I’ve written before about how I develop ( oftentimes extreme) author crushes. Chabon and Maguire are two of the my biggest. They make me want to a be better writer (which is to say a good writer), they make me feel ashamed that I have never created the kind of sentences they do, seemingly effortlessly. I often stop and reread, particularly in Chabon’s case, a phrase that is a brain teaser, something you have to really sit and ponder before you really get it.
Suffice to say, I love these guys. I adore them. If I were a worshipful person, I might even deify them.
Which is why these two books were such a fist-in-the-gut disappointment.

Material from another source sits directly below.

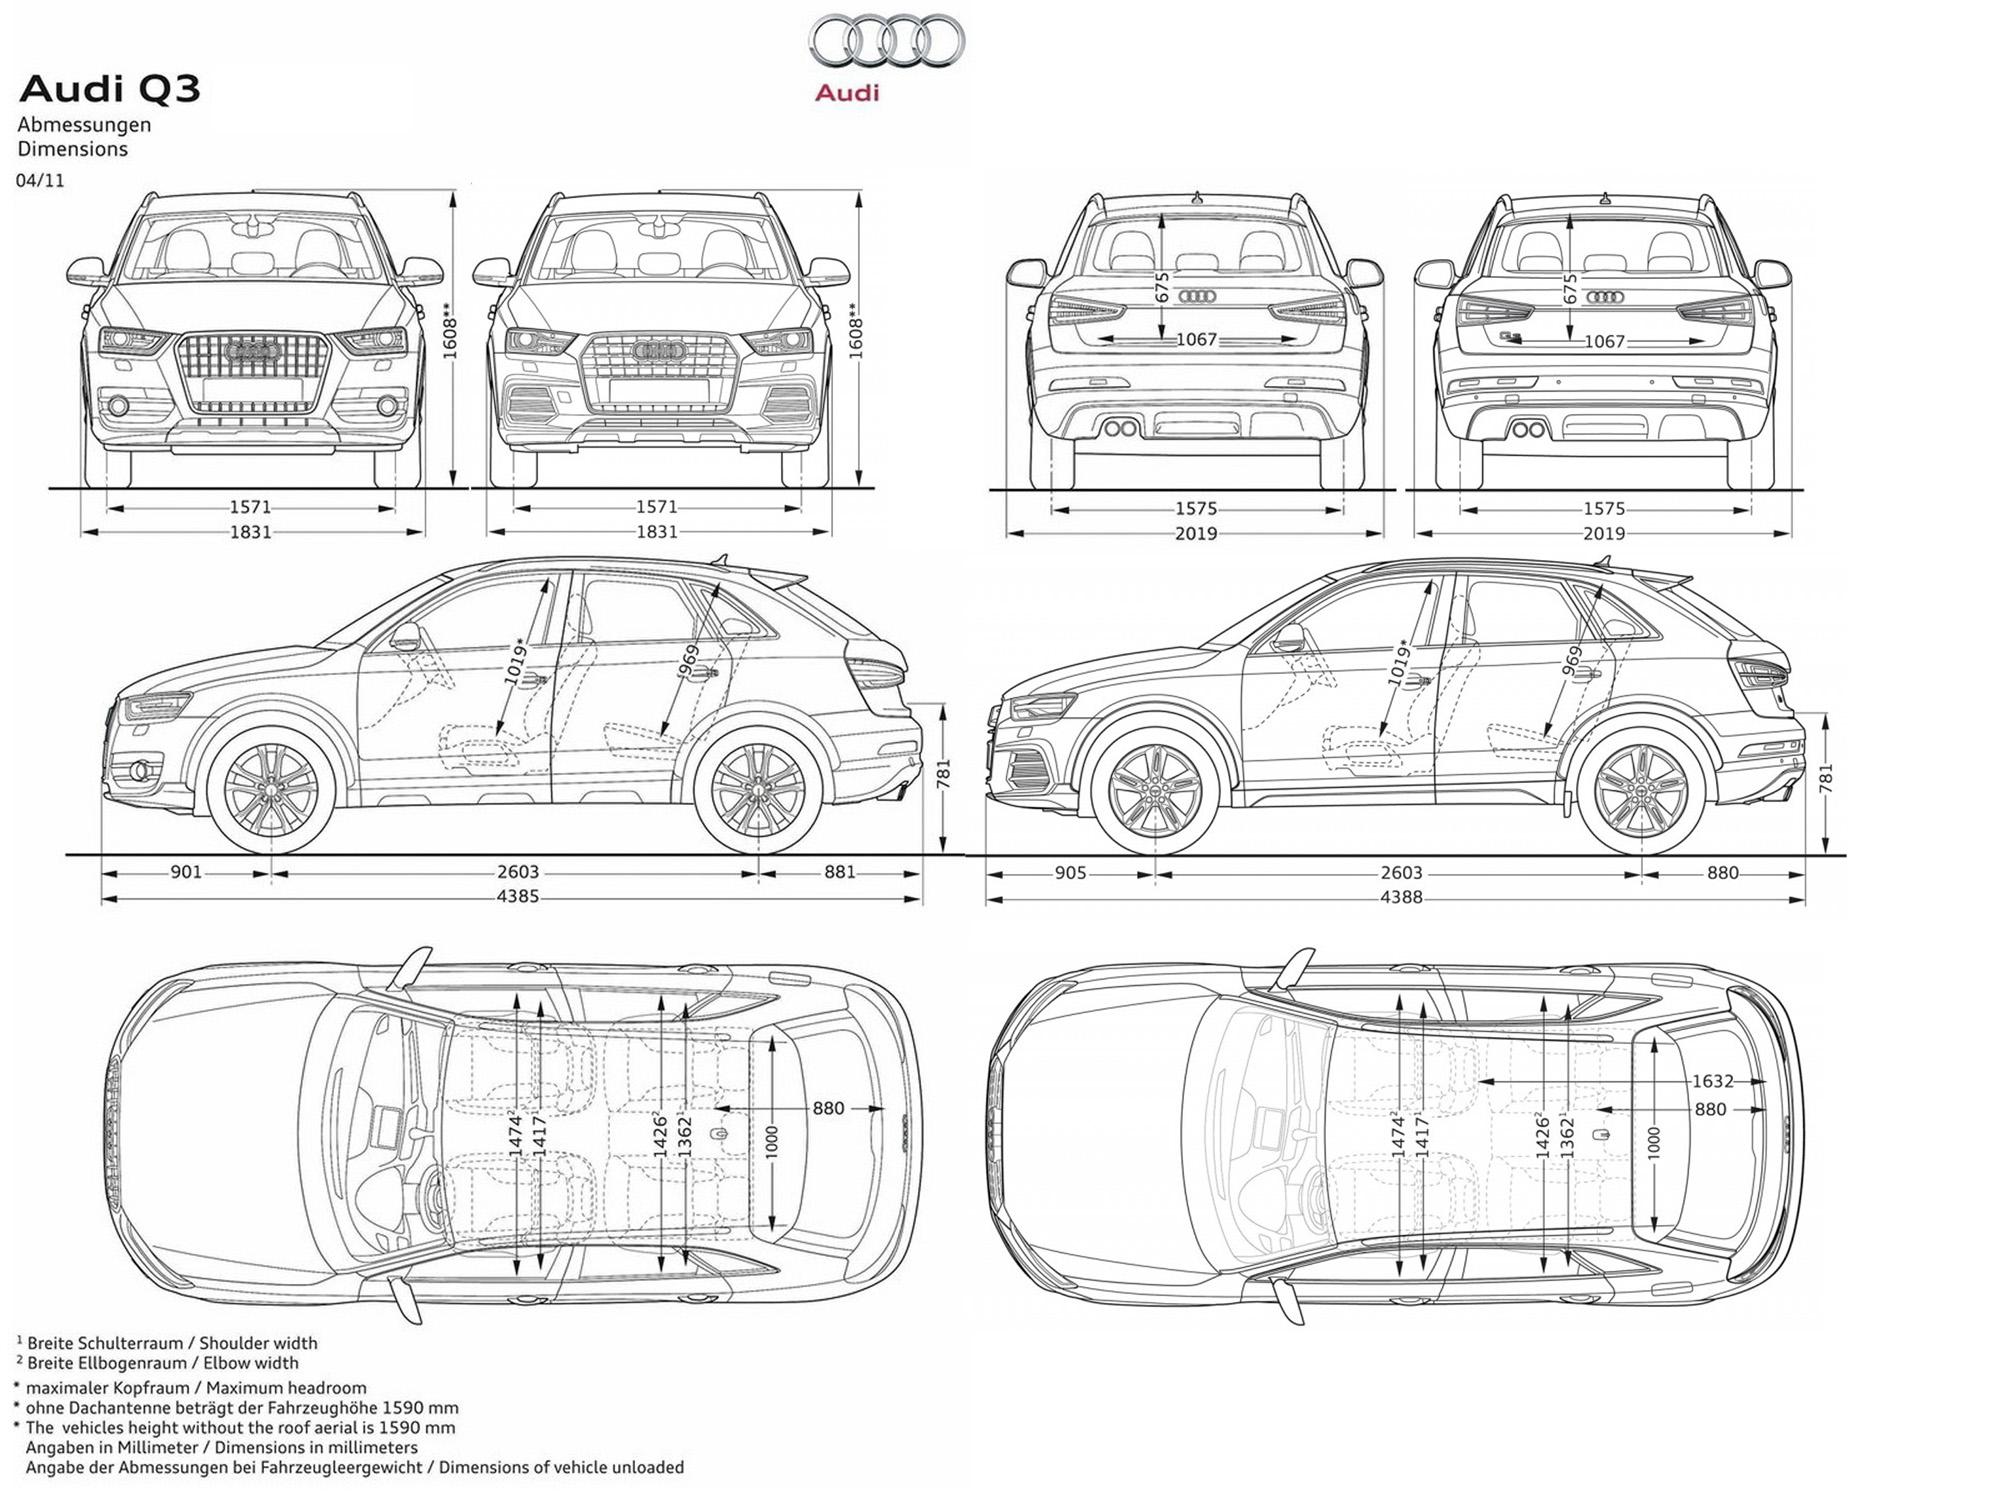 Abmessungen Q3 Facelift Q3 Facelift Audi Q3 207639699

I’ve seen Gregory Maguire speak recently and he explained the origin of What The Dickens as a way to process some harsh feelings he was having about political issues. OK, I applaud that. I respect that. But really, that’s what journals are for. Let me explain. I don’t mind, in fact I often enjoy, obvious metaphors in books. I also admire authors who express their political beliefs through stories. Wicked for example is a highly politicised book and it’s well defined, comprehensive, impressive and wonderful. In other words, everything What The Dickens is not. This book, geared toward a youthful audience is a strange soup of ideas, none of which seem to have a clear link. And where it is clear, it’s as blunt (and as pleasurable) as a baseball bat to the head. I cannot imagine children enjoying this book; they would just be confused at all the nonsensical rambling. And I’m not afraid to admit as an adult, I was more than a bit confused too. It truly was hard to keep picking it up – it took me weeks to finish.
If Maguire was hard to keep interested in, Chabon’s book was hard to get interested in. At least at first.
For one, the Gentiles among us will need a Yiddish-English dictionary just to stop from being confused (by the way Chabon used one when writing this book check it out here). My Yiddish vocabulary consists of three words, Oy! Schmuck and Mench, none of which are very helpful in this case. I kept getting the sholem (a gun or is it blessing or is that an inside joke I just don’t get?????) mixed up with a Shoyfer (an imaginary brand of cell phone, which incidentally means a “ram’s horn” in Yiddish), which as you can see is awfully disconcerting, particularly when Landsman, his volatile protagonist, is angrily reaching into his coat pocket for one (or the other). It took me many dozens of pages to either figure the words out by context or to ignore them completely. I’m sure his names are amusing to the Jewish among us, but they are just Yiddish to me.
But I sallied forth and as anyone of you who have read A Clockwork Orange know, you can pick up enough to understand fairly quickly. By then I was drawn in by the noir detective story (who can resist a good murder mystery?) and totally, absolutely hooked. Besides Chabon, in between Yiddish-isms, is mercilessly brilliant. He’s irresistible. He had me at “His accent was like a sausage recipe with footnotes” and kept me with “Her voice was like an onion rolling in a bucket.”
Sentences like these can wound the heart.